**REQUIRED ACTION:** Exact copies of all the lines below are required, with the pictures omitted.

**COLLECTED DATA:**
Segment Open
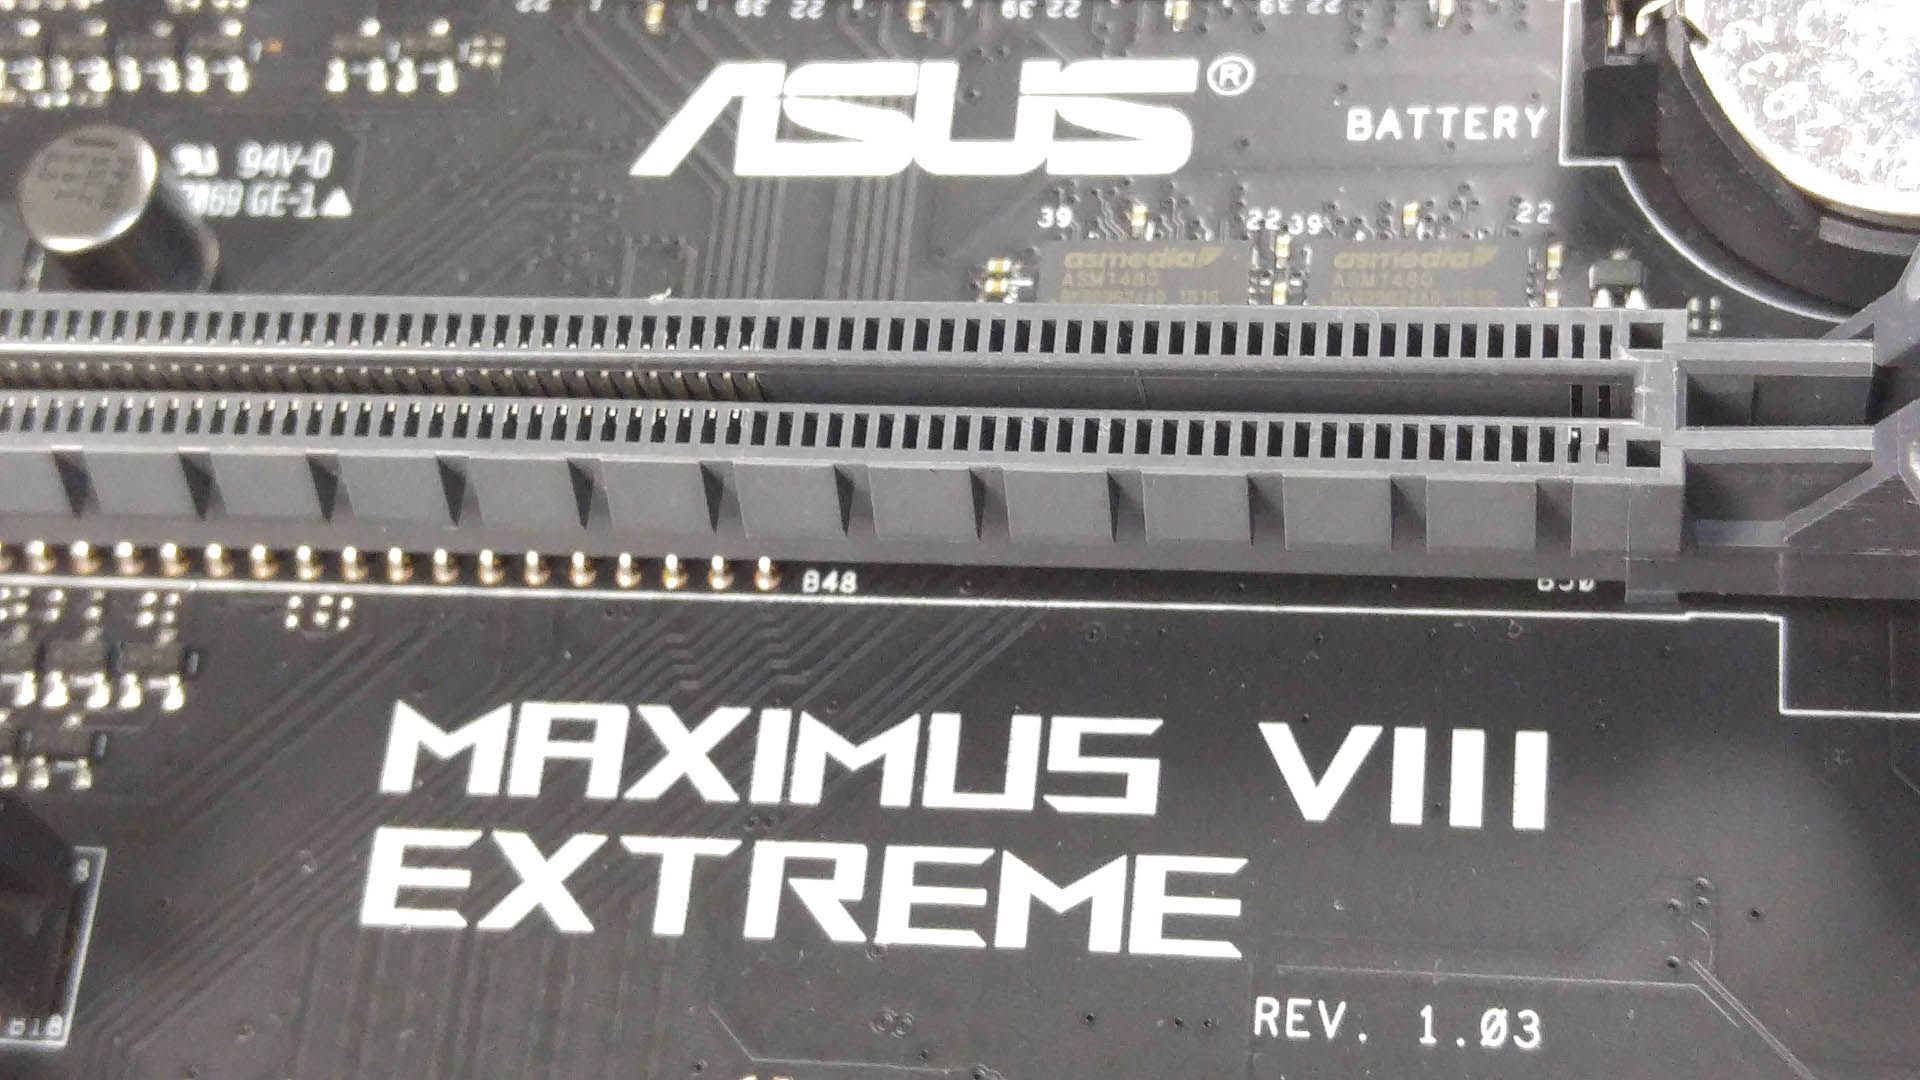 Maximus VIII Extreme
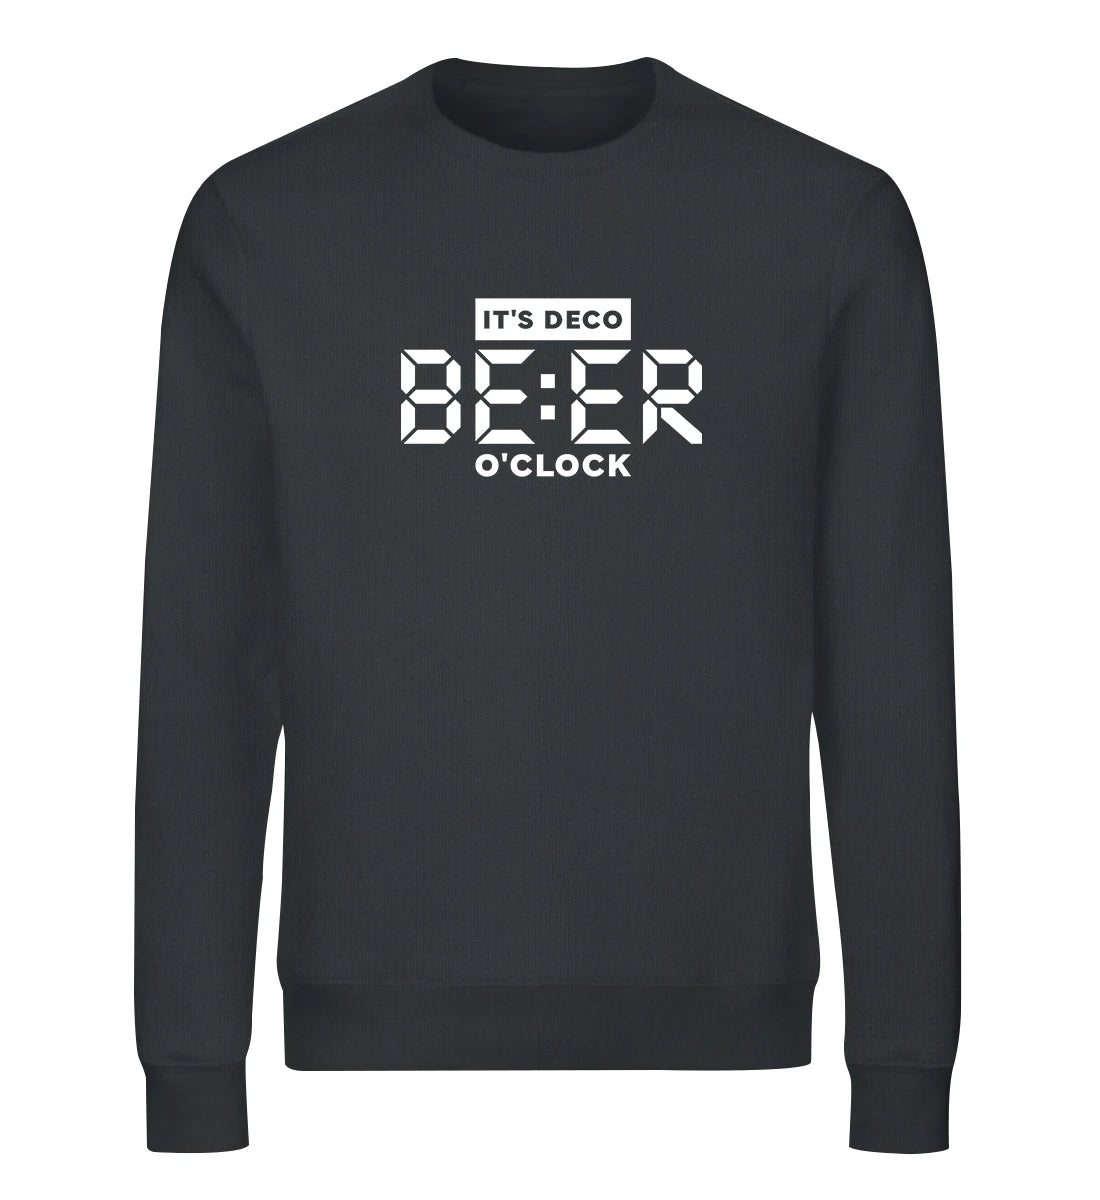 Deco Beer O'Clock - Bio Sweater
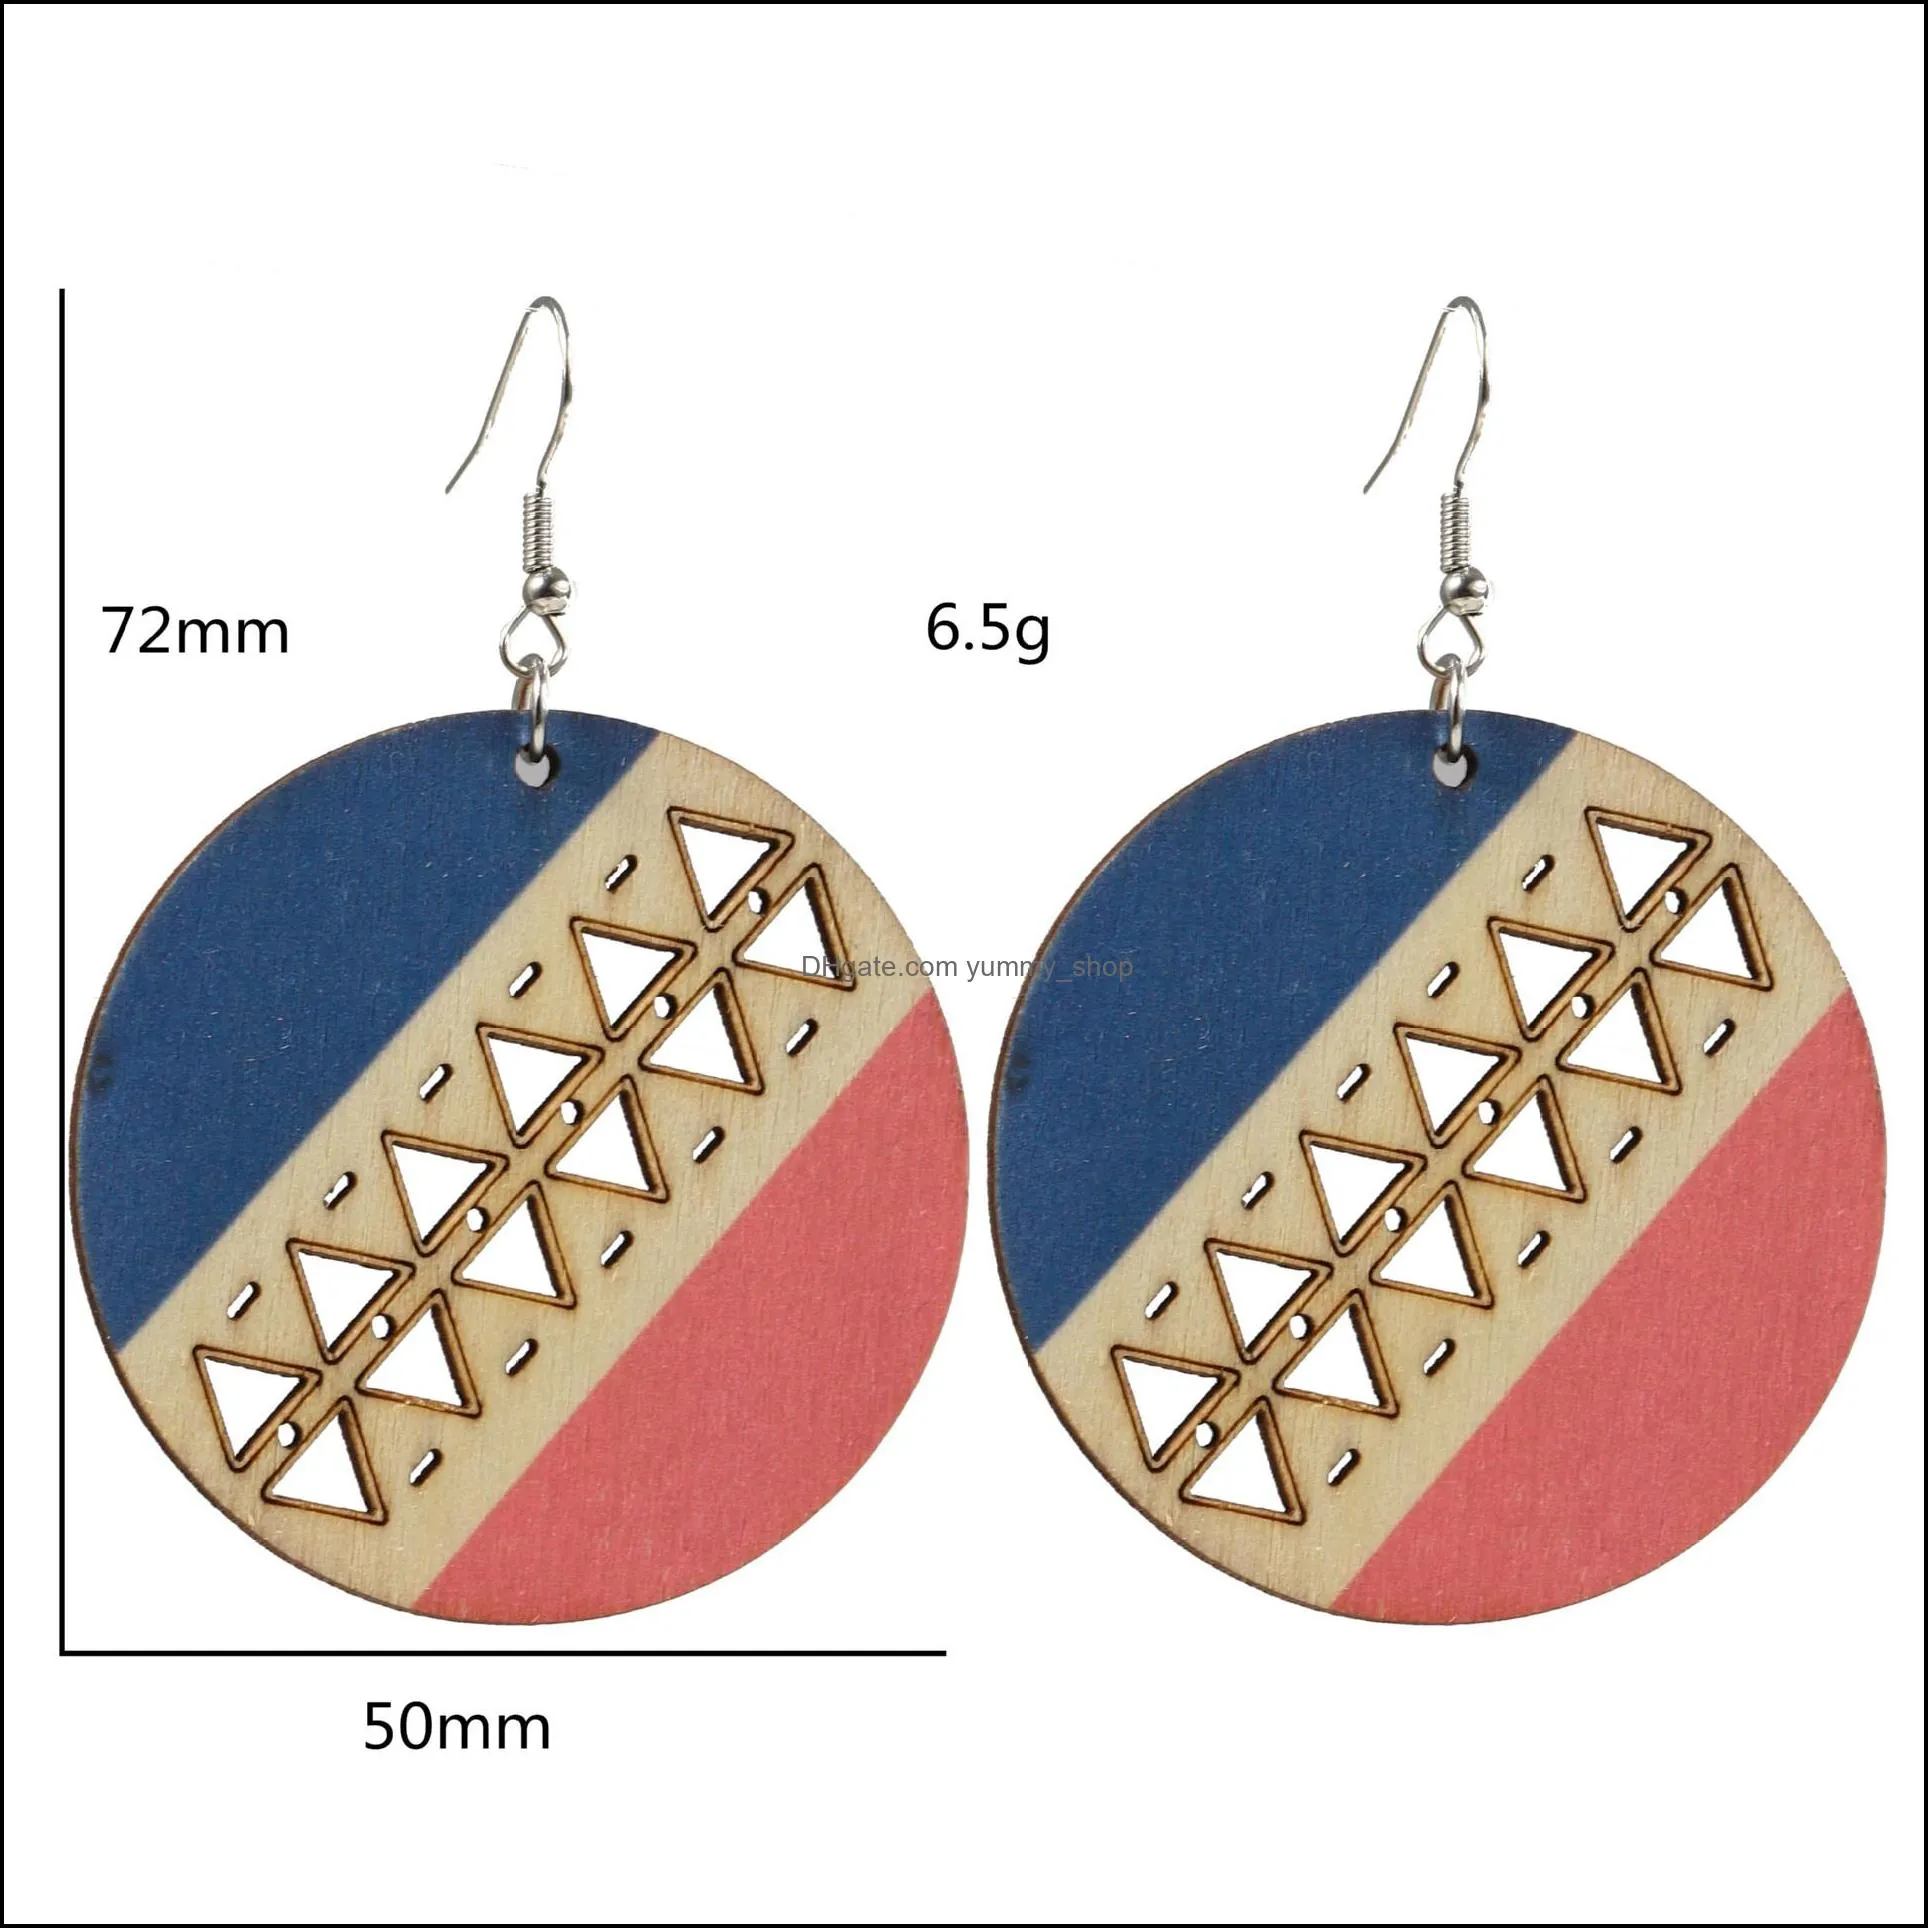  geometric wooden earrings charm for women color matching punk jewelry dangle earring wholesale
Segment Closed
**ANSWER FOR THIS EXERCISE:**
 Maximus VIII Extreme
 Deco Beer O'Clock - Bio Sweater
  geometric wooden earrings charm for women color matching punk jewelry dangle earring wholesale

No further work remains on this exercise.